One caveat to that initial finding, the authors conceded, is that many subjects in the study were taking antipsychotic and mood stabilizer medications at the time of their blood draws, raising the possibility that these drugs could have affected the patterns of gene expression. In clinical practice, the test would need to be able to distinguish the two diseases in treatment-naïve, undiagnosed patients.
Osborn said that the firm hopes to be able to address this question more deeply in its next validation study, but the current analysis did offer some clues. The researchers were able to use an independent gene expression dataset that included antipsychotic medication-free schizophrenia subjects. When they applied the 18-gene biomarker panel to these data, they were still able to distinguish schizophrenia subjects under 30 years of age with 86 percent accuracy.
Accuracy for all non-medicated subjects dropped to just 64 percent, however, highlighting the fact that Laguna will need to replicate this type of analysis in further studies to establish more strongly that the test will work in the intended population.
Authors of the study concluded that the current data, while preliminary, establish that the application of the identified gene panel in patients experiencing a first psychotic episode could help identify those who are likely to be suffering the onset of one of these two disorders from those who are not.
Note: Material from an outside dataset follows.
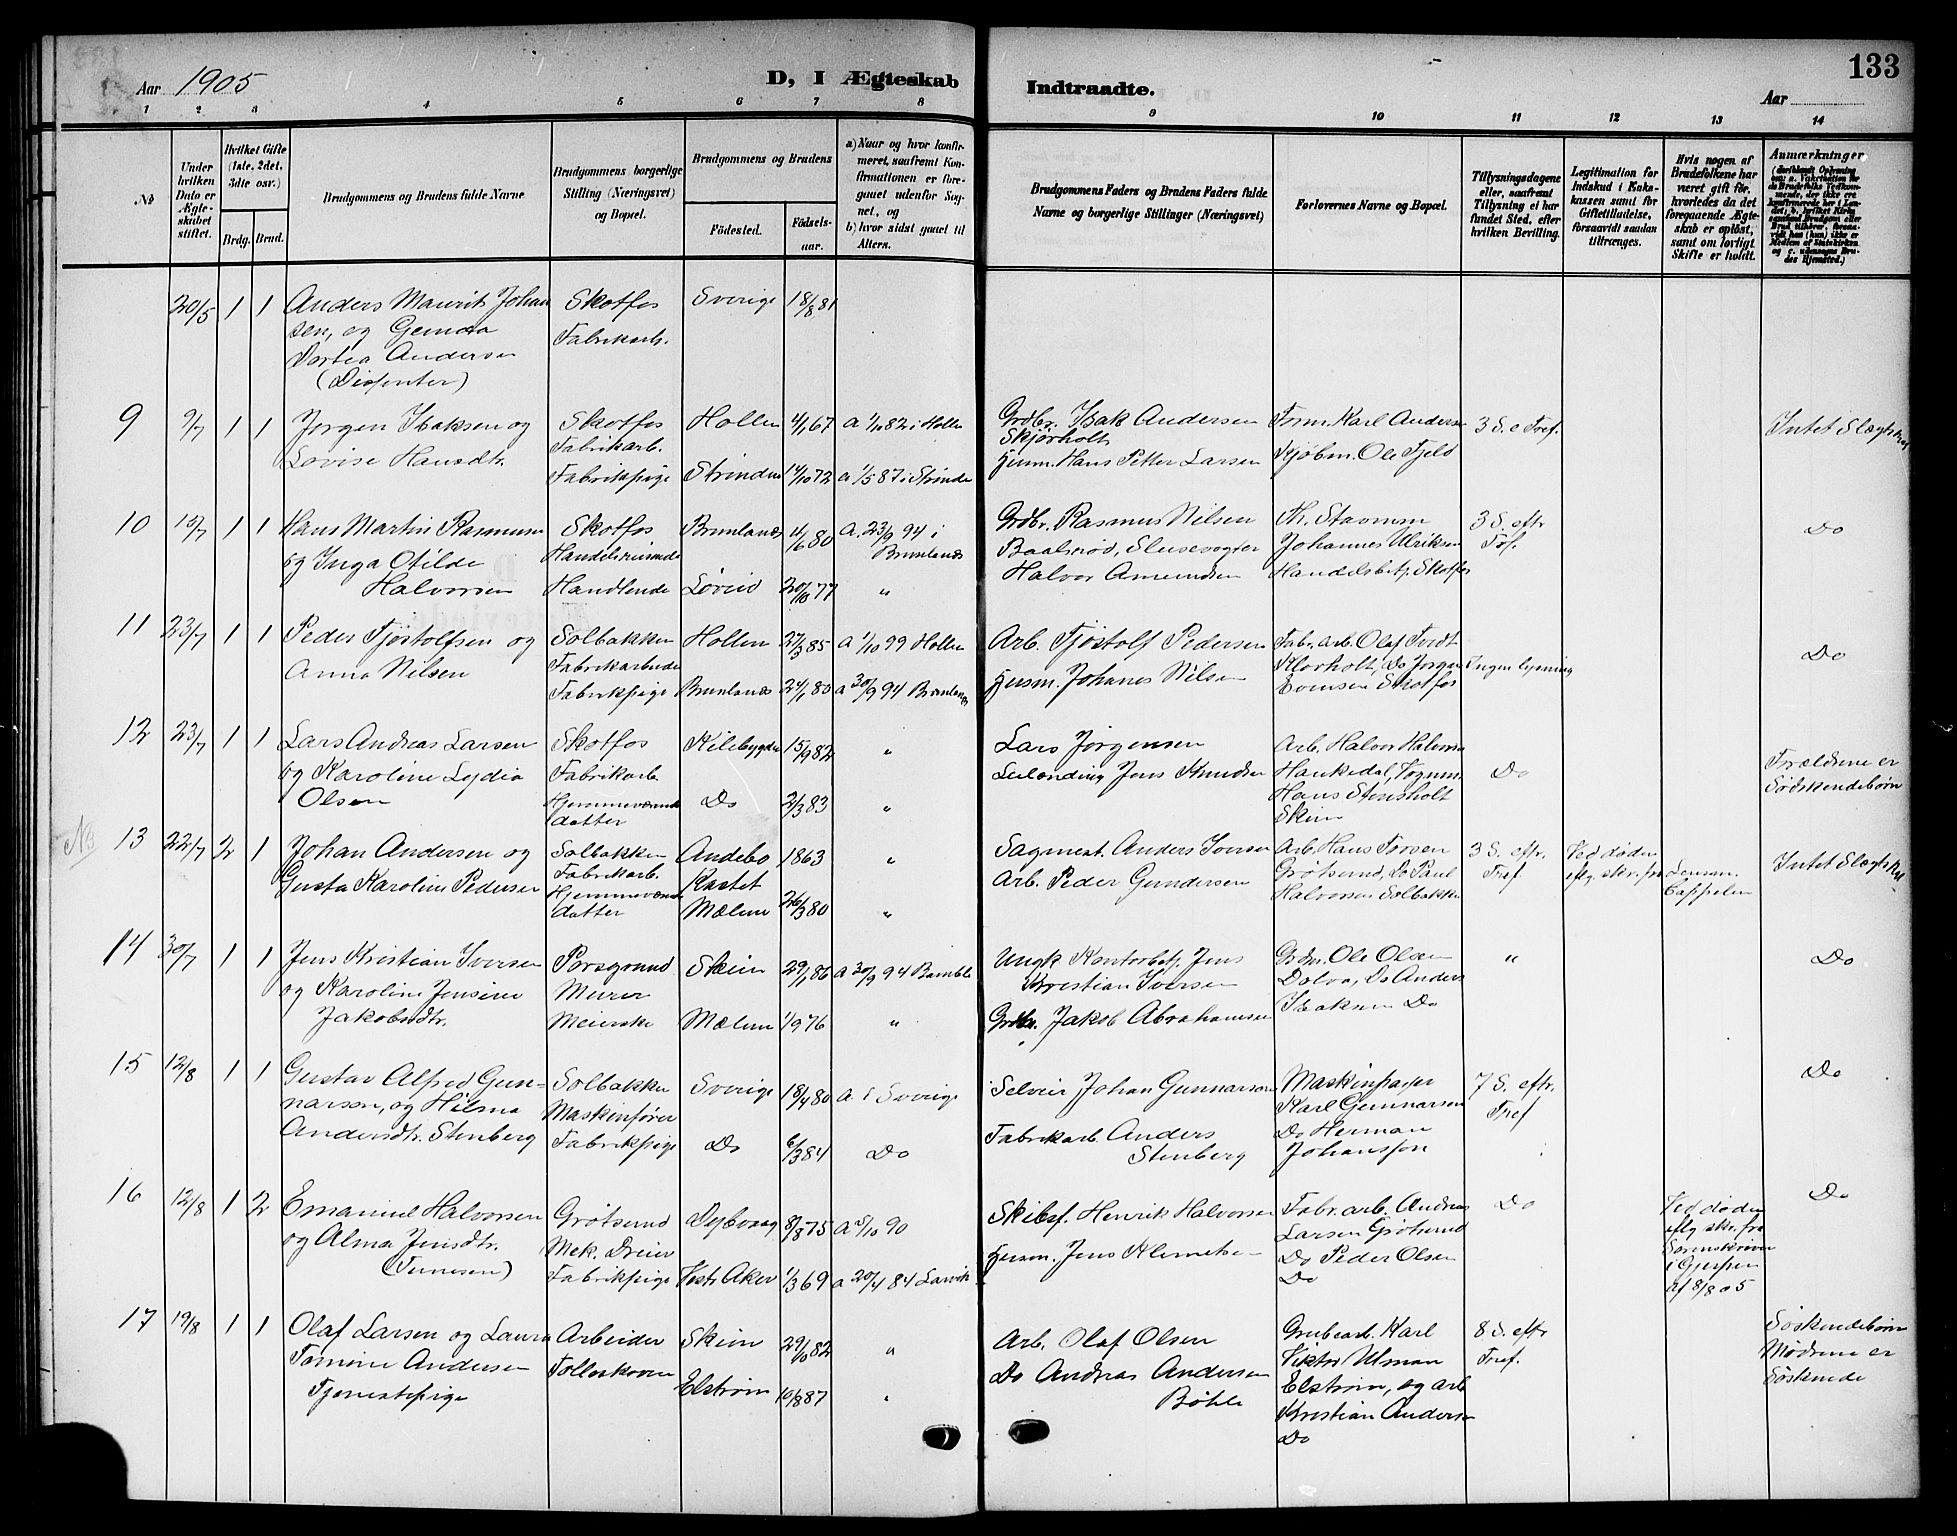 SAKO, Solum kirkebøker, G/Gb/L0005: Klokkerbok nr. II 5, 1905-1914, s. 133

The findings will now have to be further validated in independent sample sets, ideally in a much larger number of subjects.
According to the investigators, other questions they hope to address include whether there is an mRNA signal associated not only with differential diagnosis but also with things like treatment response.
The team is also interested in looking at whether the current panel could be used in other aspects of psychiatric evaluation, for example, to subclassify subjects with major depressive disorder as more schizophrenia-like or more bipolar-like.
Osborn said that the group has been advised by the National Institute of Mental Health that it should consult with the US Food and Drug Administration before it applies for grants for its next study — to make sure that it is collecting the right data to support future regulatory submissions. The company is working now on writing up a protocol for that, with the intention of sending it to the FDA by the end of the year and beginning its next study sometime next year.
The plan will be to again use whole-genome microarrays, but the firm also aims to decide on a platform to employ alongside them that would have an easier path to the clinic.
In the current study, the company did some experimenting with NanoString's nCounter, and Osborn said that is one of several platforms that the firm is considering, all of which have "plusses and minuses."
In terms of future commercialization, the firm will also face challenges confronting others in the psychiatric genomics space, like pharmacogenomics firm Assurex Health (now owned by Myriad Genetics). Most notably, it will have to prove that this type of a test can demonstrate not only analytical and clinical validity, but also clinical utility.
Psychiatrists and clinicians will need to be persuaded that a genomic test actually leads to better patient outcomes, while insurers will want to see evidence that any improvements in outcome come with associated cost savings.